** Provided data follows **

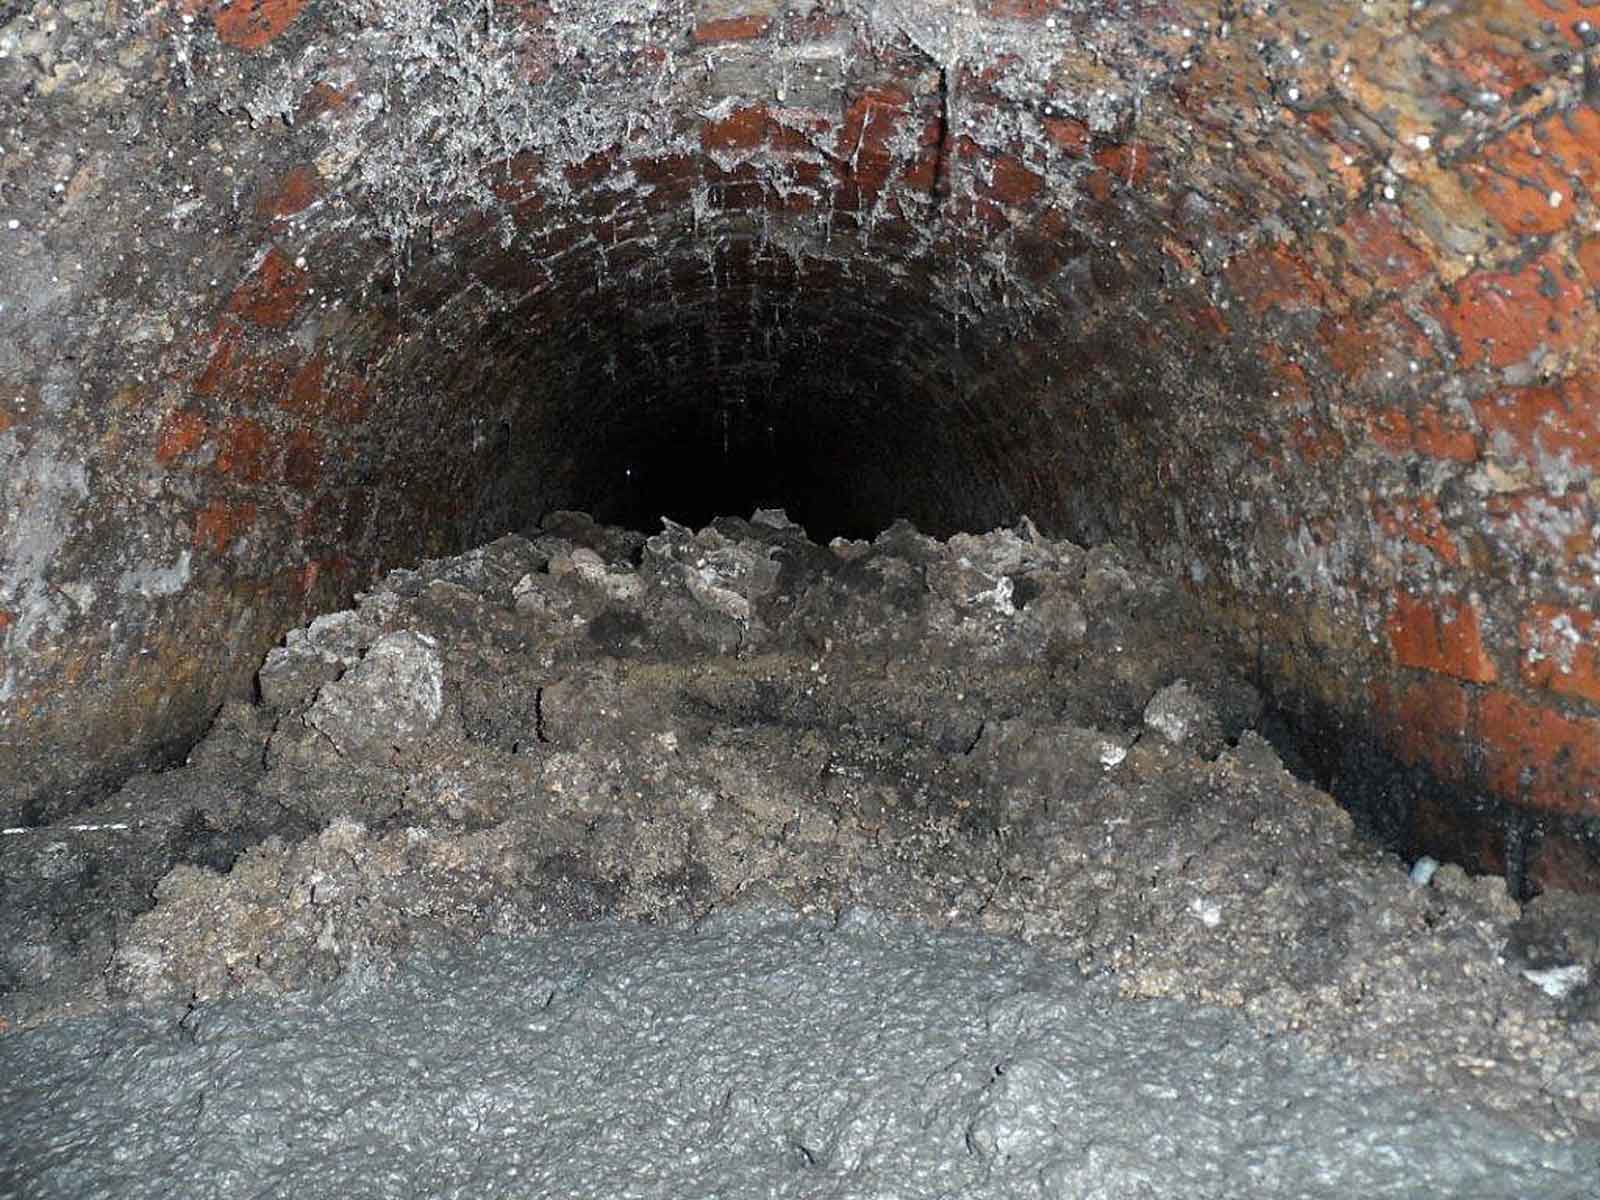 A Harrogate sewer
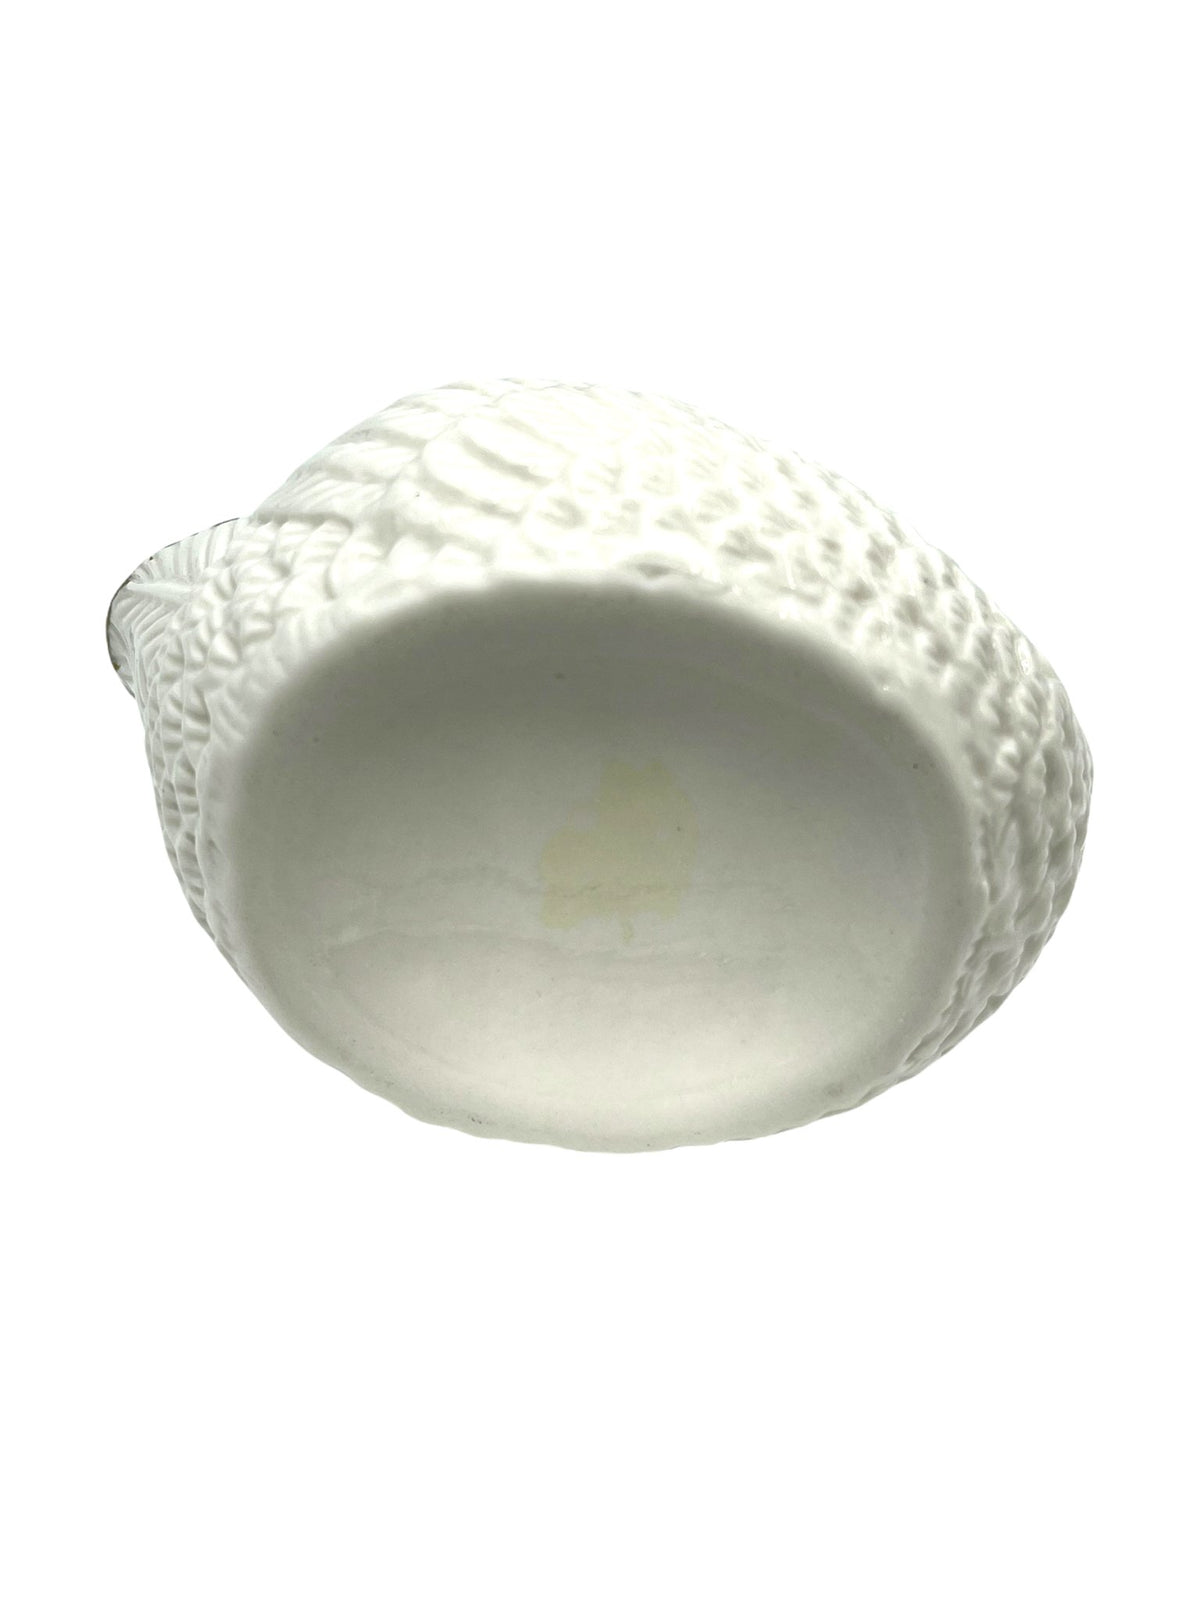 White Swan Porcelain Vintage Vase Trinket Dish - 24 Wishes Vintage Jewelry
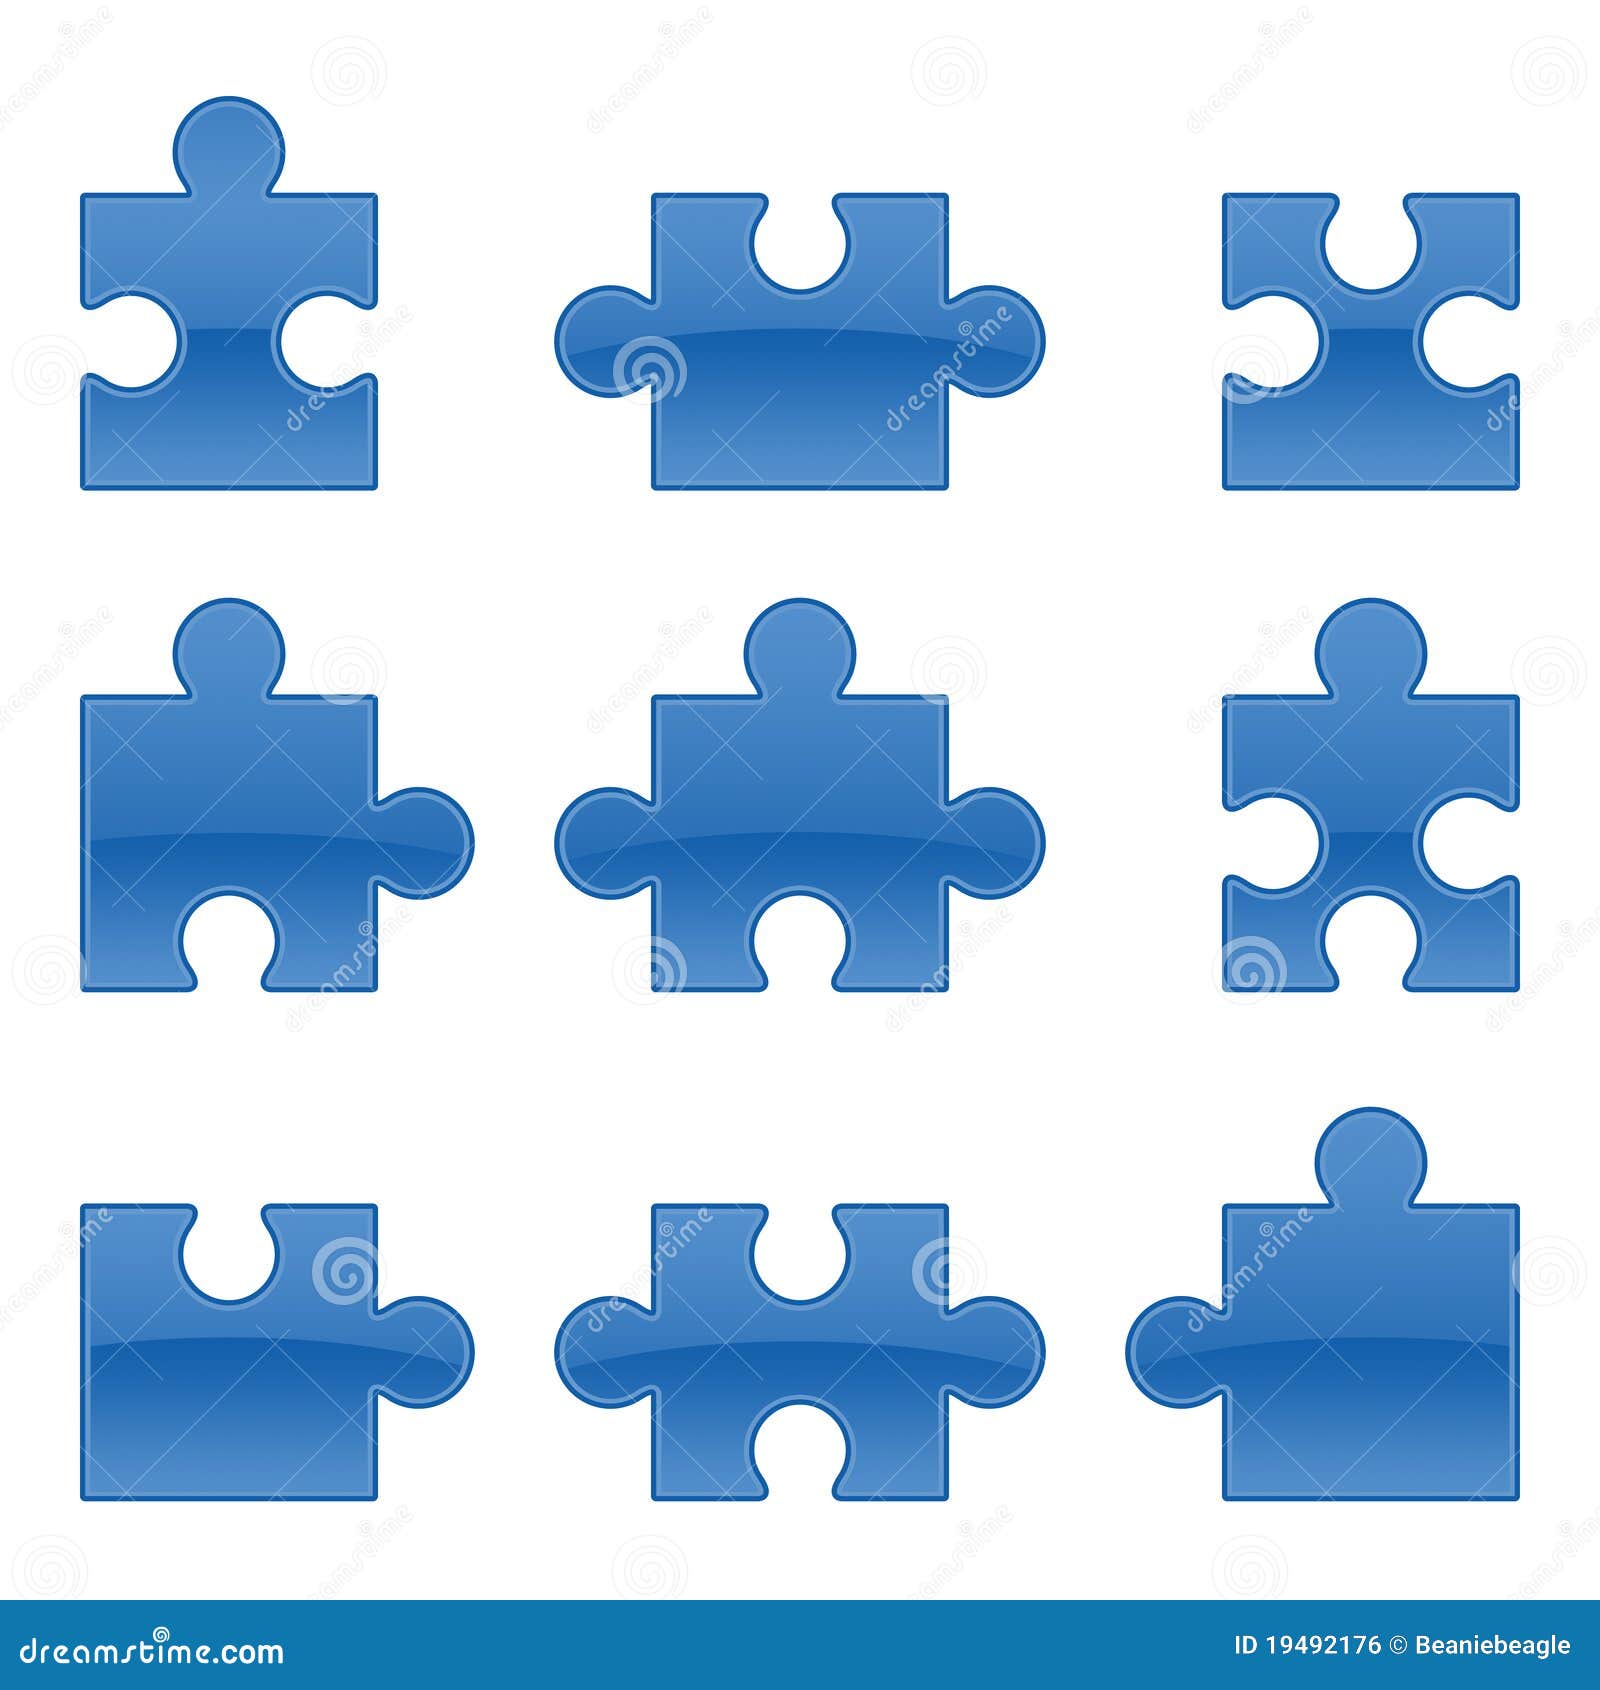 17 Kids Blank Puzzles ideas  puzzle piece template, puzzle pieces, kids  blanks

** End of Provided data **

**Problem requirements:**
Without including any picture, set down every line above exactly as it stands.

**Reply to the exercise:**
 A Harrogate sewer
 White Swan Porcelain Vintage Vase Trinket Dish - 24 Wishes Vintage Jewelry
 17 Kids Blank Puzzles ideas  puzzle piece template, puzzle pieces, kids  blanks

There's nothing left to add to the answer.